Here's the very weird part: I also get the same error when rebuilding 108.0.5359.124_p1 with my current system! But if I restore 108.0.5359.124_p1 using the binary package I fortunately remembered to build, it works fine!!

I did switch to a new machine since the last time I built 108 (old Haswell-E 5930k, now it's a Zen 4 7950x, I just swapped in my SSD). However, I don't think that's the issue because the old build works fine, and building using -march=haswell instead of -march=native results in the same breakage in both 108 and 109. I'm also not seeing any other errors on the new system.

I did almost get it to work by buliding with libc++ (I needed to use EXTRA_GN="${EXTRA_GN} use_custom_libcxx=true" and hack the ebuild to use bundled libxml and libxslt). This restores my session and loads pages properly - but then the whole thing still crashes after 5-10 seconds randomly.

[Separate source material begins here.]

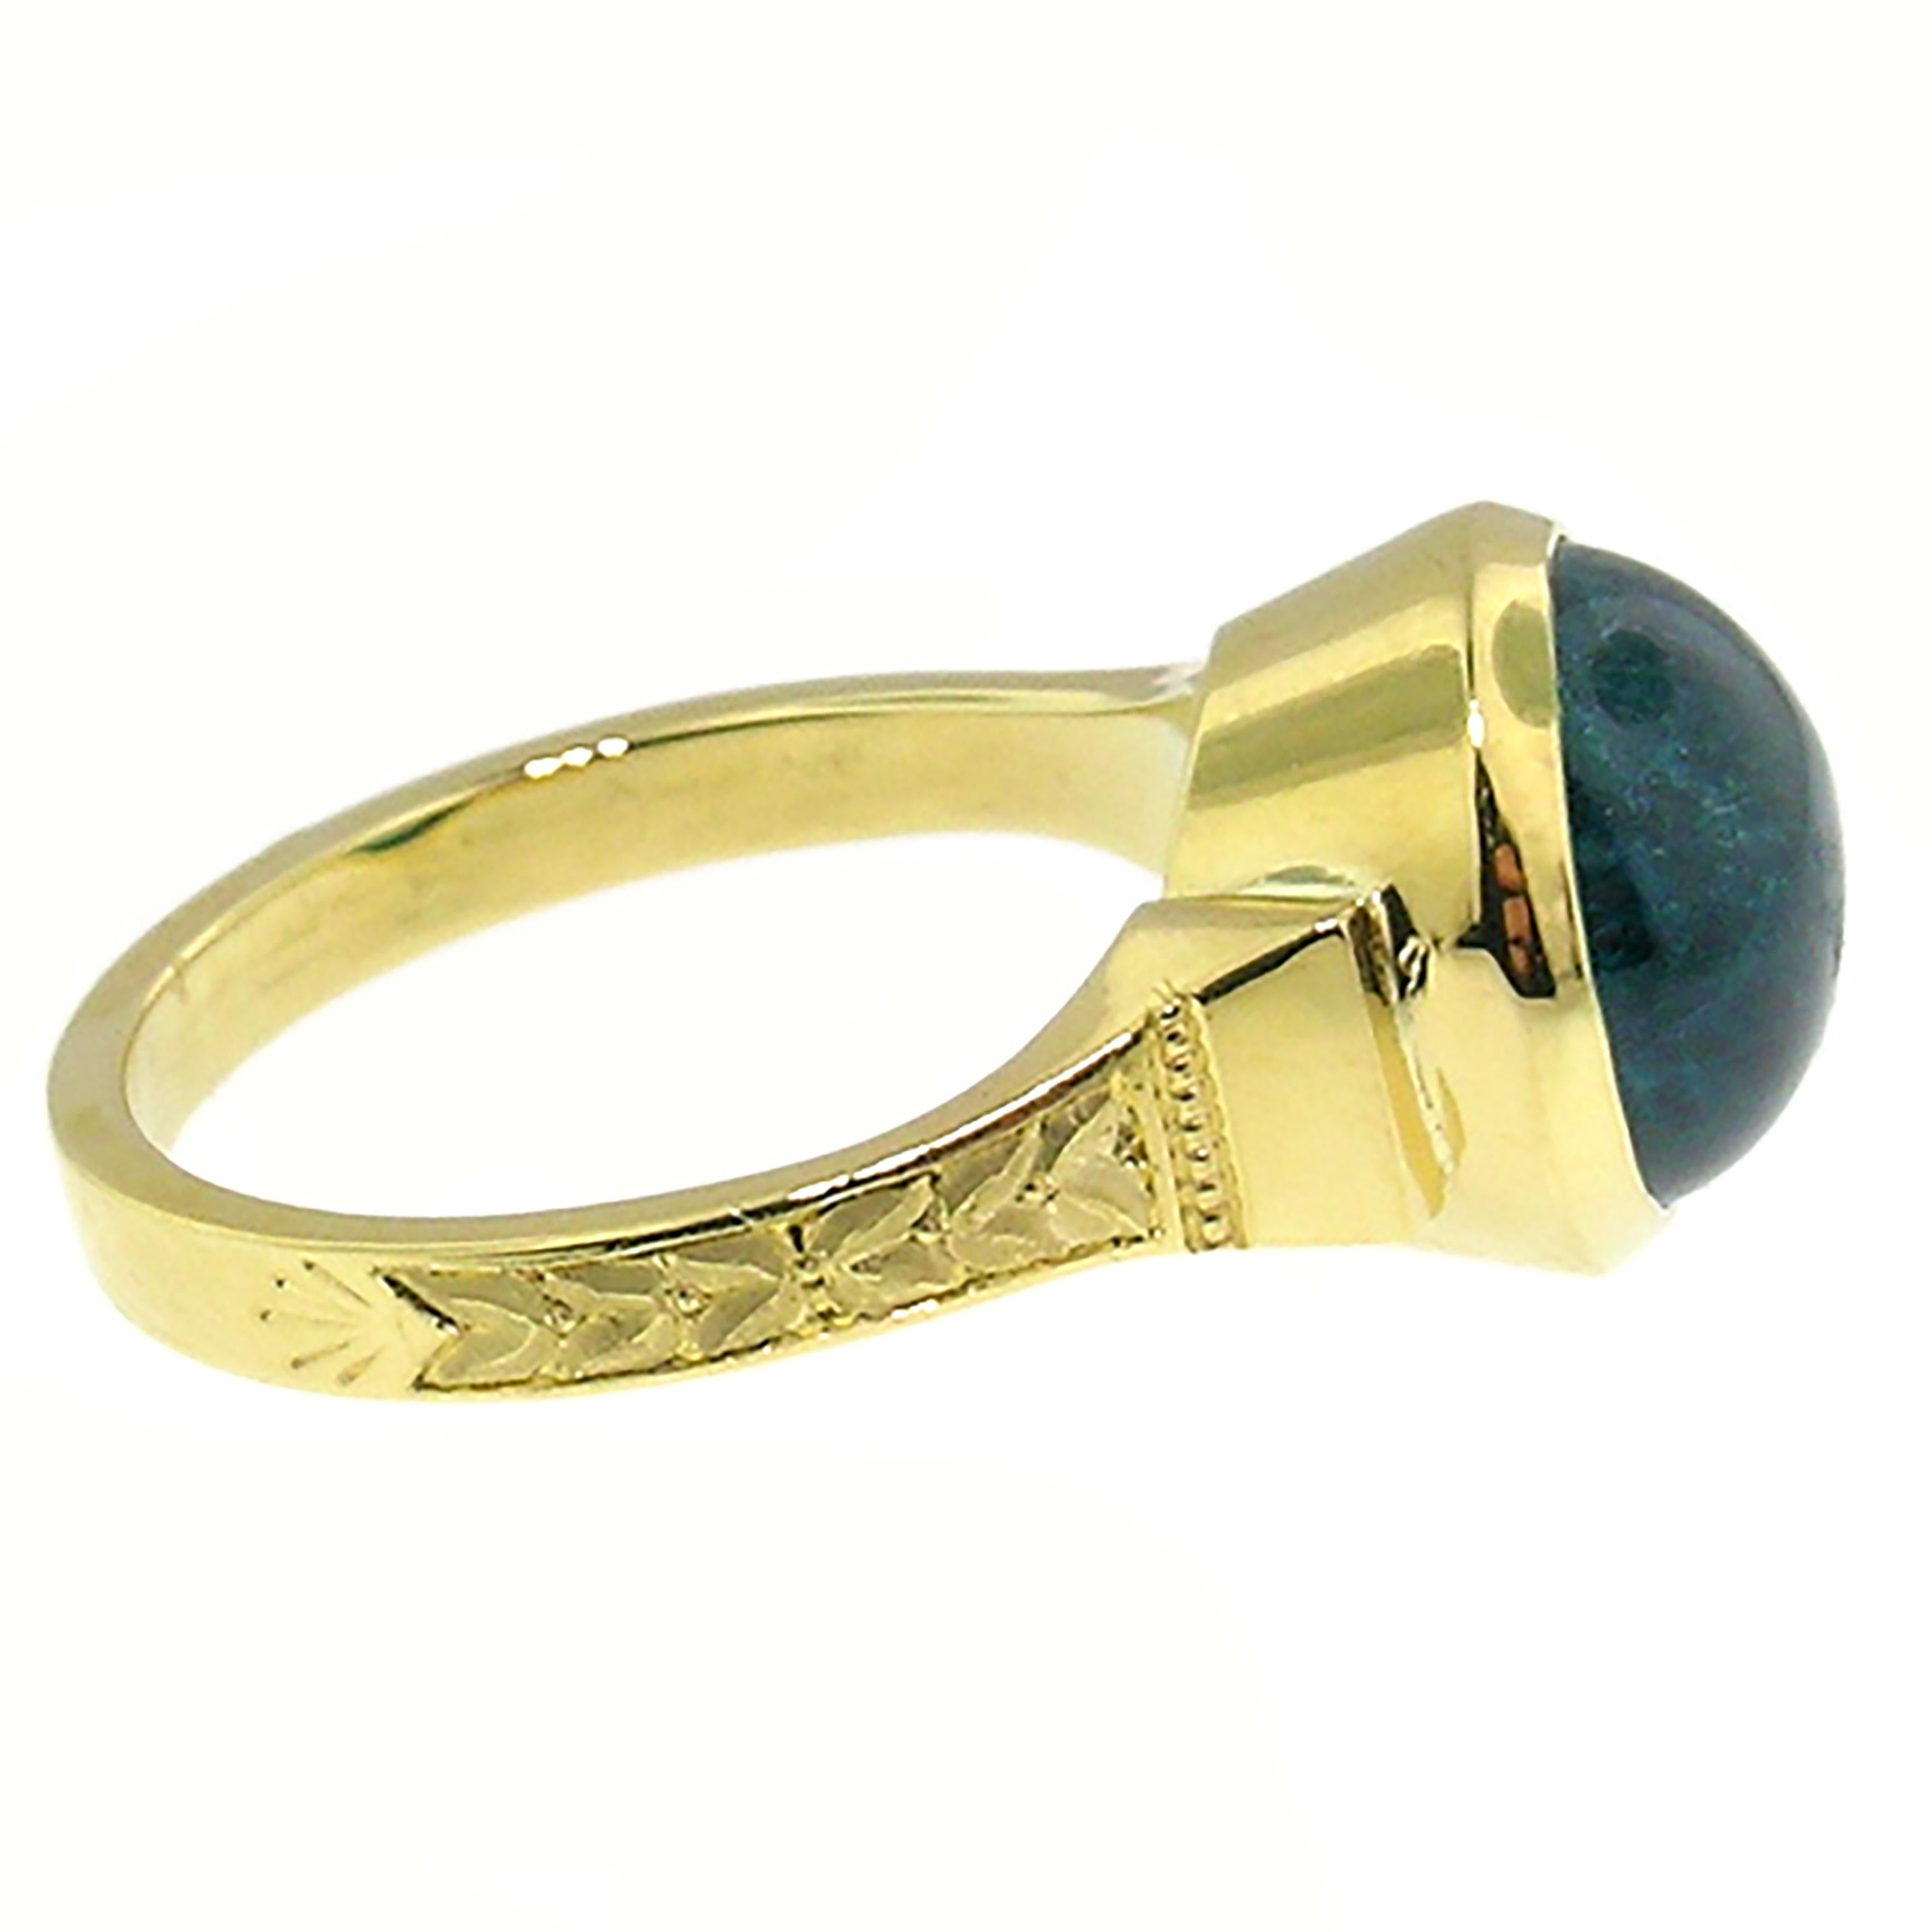 4.64ct Blue Tourmaline Indicolite 18kt Cassandra Ring by Cynthia Scott Jewelry In New Condition For Sale In Logan, UT

I've tried downgrading llvm/clang from 15.0.7 to 15.0.6 (the last version I built successfully with). When building with libstdc++, I downgraded gcc to the earlier snapshot I was using for the last successful build. No luck with any of that.

For those who are (and aren't) getting the error - are you using libc++ or libstdc++? On a related note, is it possible to build chromium with libc++ without using it systemwide? I did the hack to use use_custom_libcxx=true but I think that builds with a bundled copy of libc++ rather than the system one (which I don't even have installed).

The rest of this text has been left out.